• [DIRECTIONS FOR THIS TASK] Each line of the data must reappear exactly in your answer, with no images included.

• [DATASET EXTRACT]

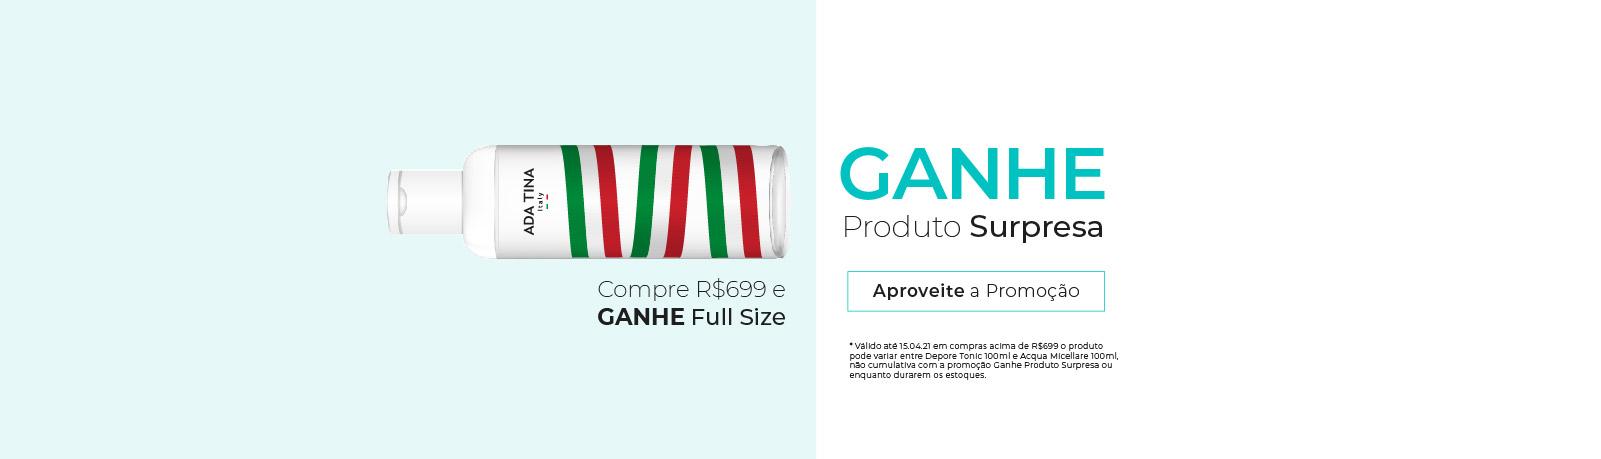 GANHE PRODUTO SUPRESA MOBILE
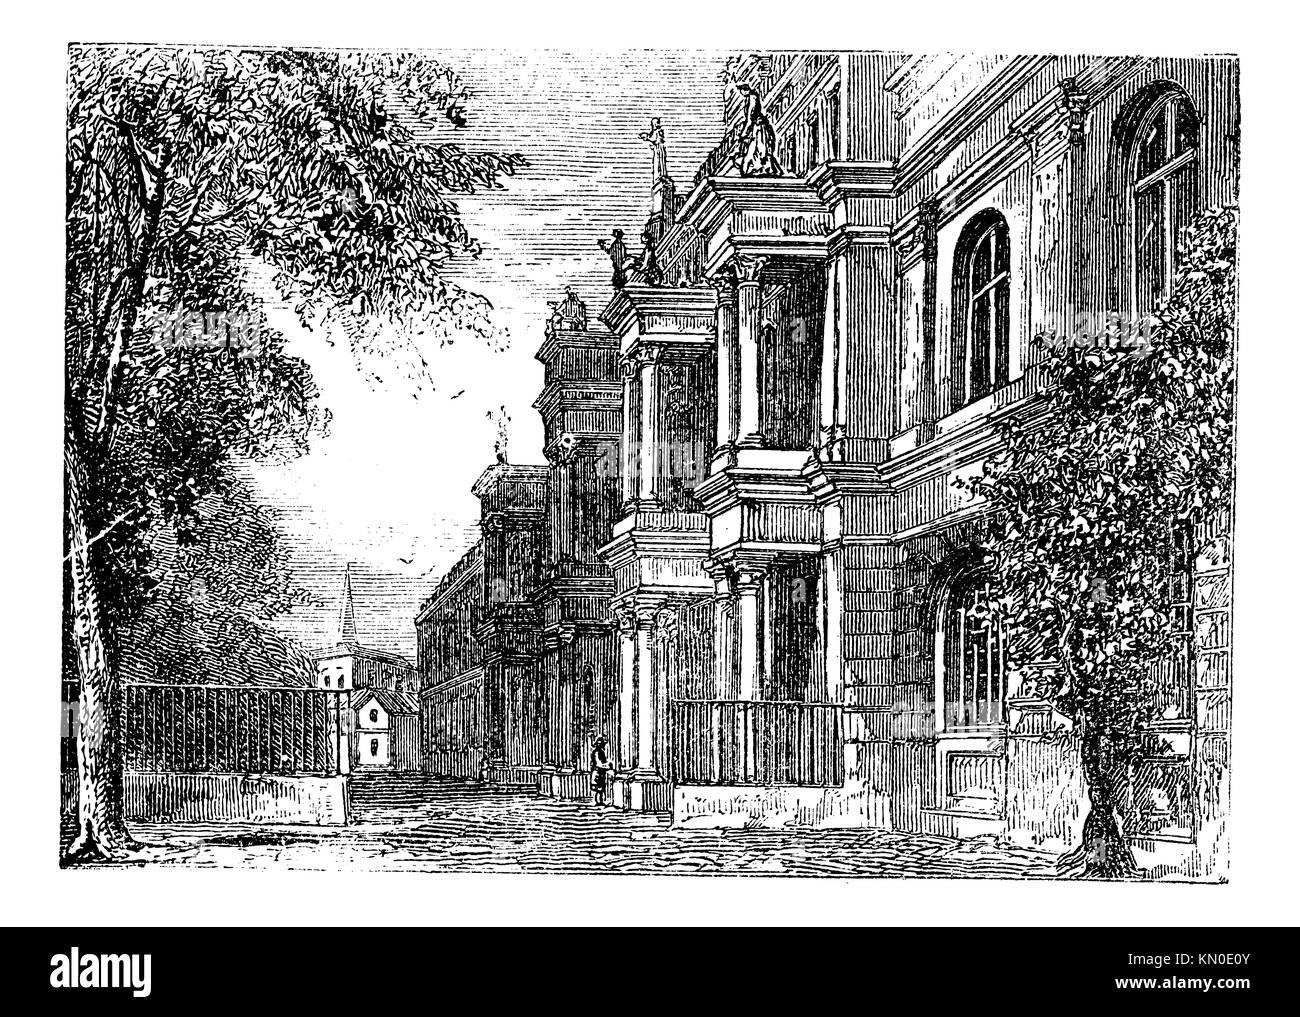 University of Bonn, Bonn, Germany vintage engraving  Old engraved illustration of University of Bonn, Germany, 1890s - Stock Image
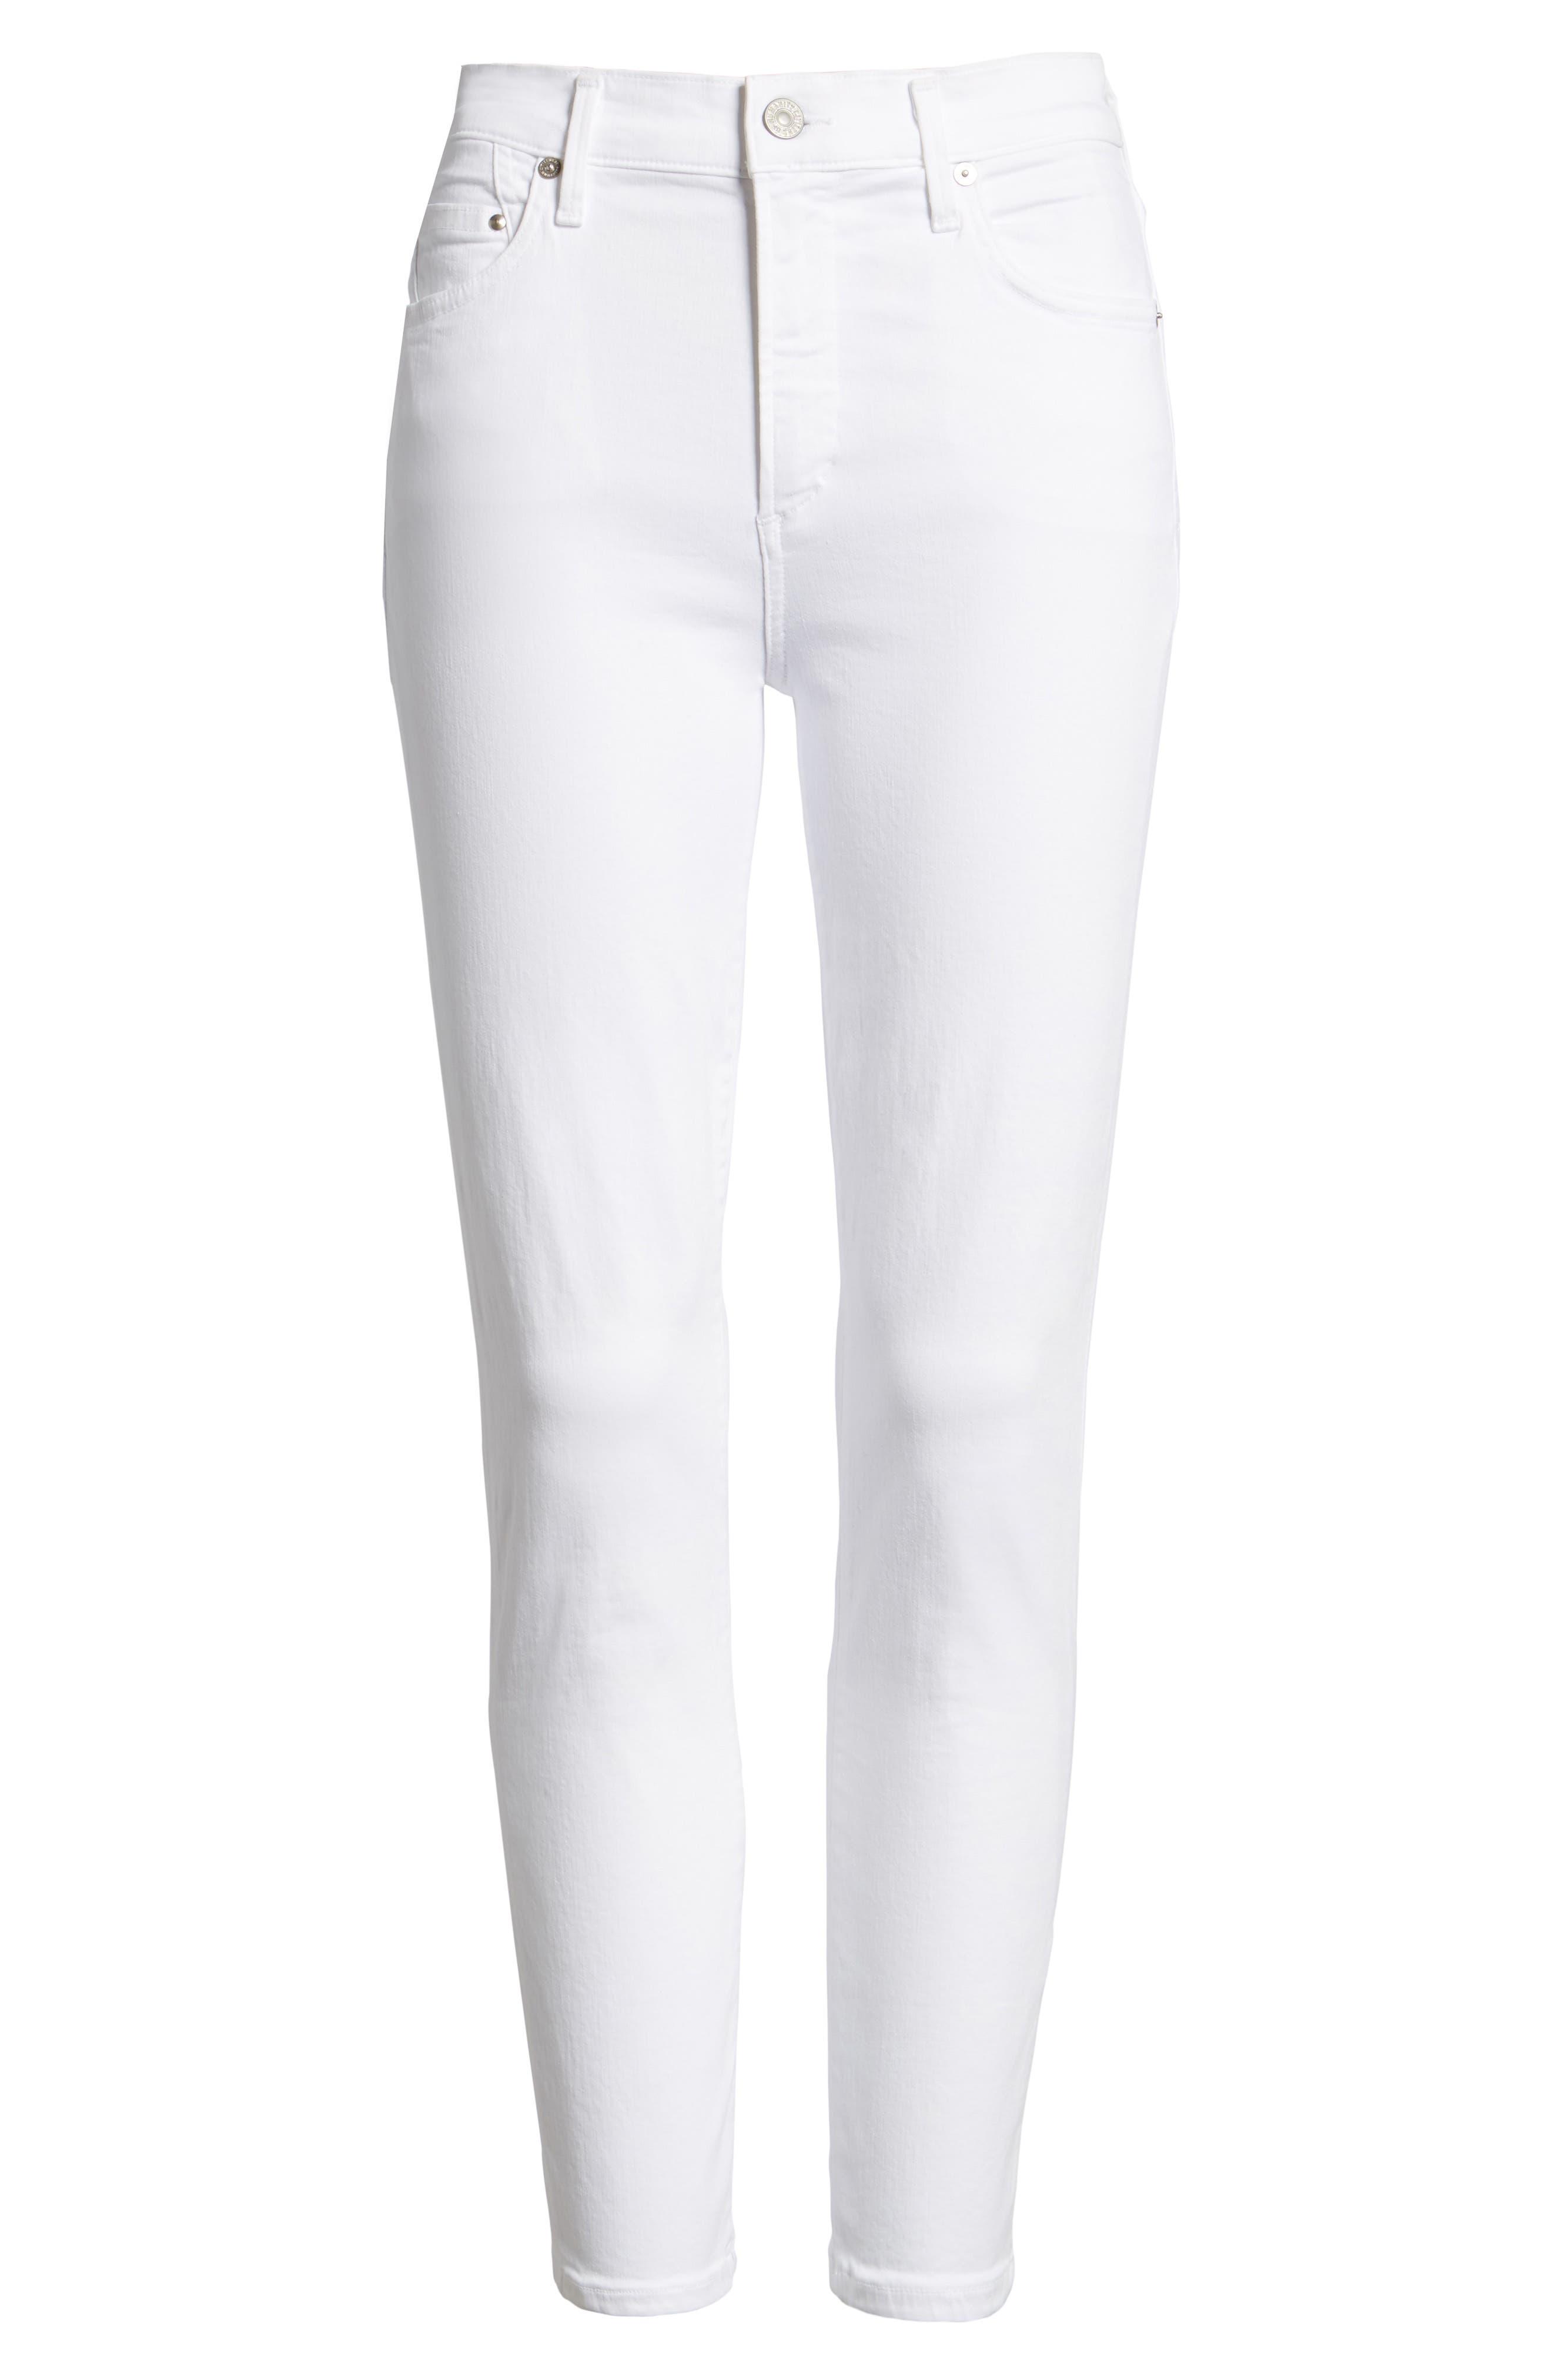 Rocket High Waist Crop Skinny Jeans,                         Main,                         color, 127

• [OUTPUT FOR THIS EXERCISE]
 GANHE PRODUTO SUPRESA MOBILE
 University of Bonn, Bonn, Germany vintage engraving  Old engraved illustration of University of Bonn, Germany, 1890s - Stock Image
 Rocket High Waist Crop Skinny Jeans,                         Main,                         color, 127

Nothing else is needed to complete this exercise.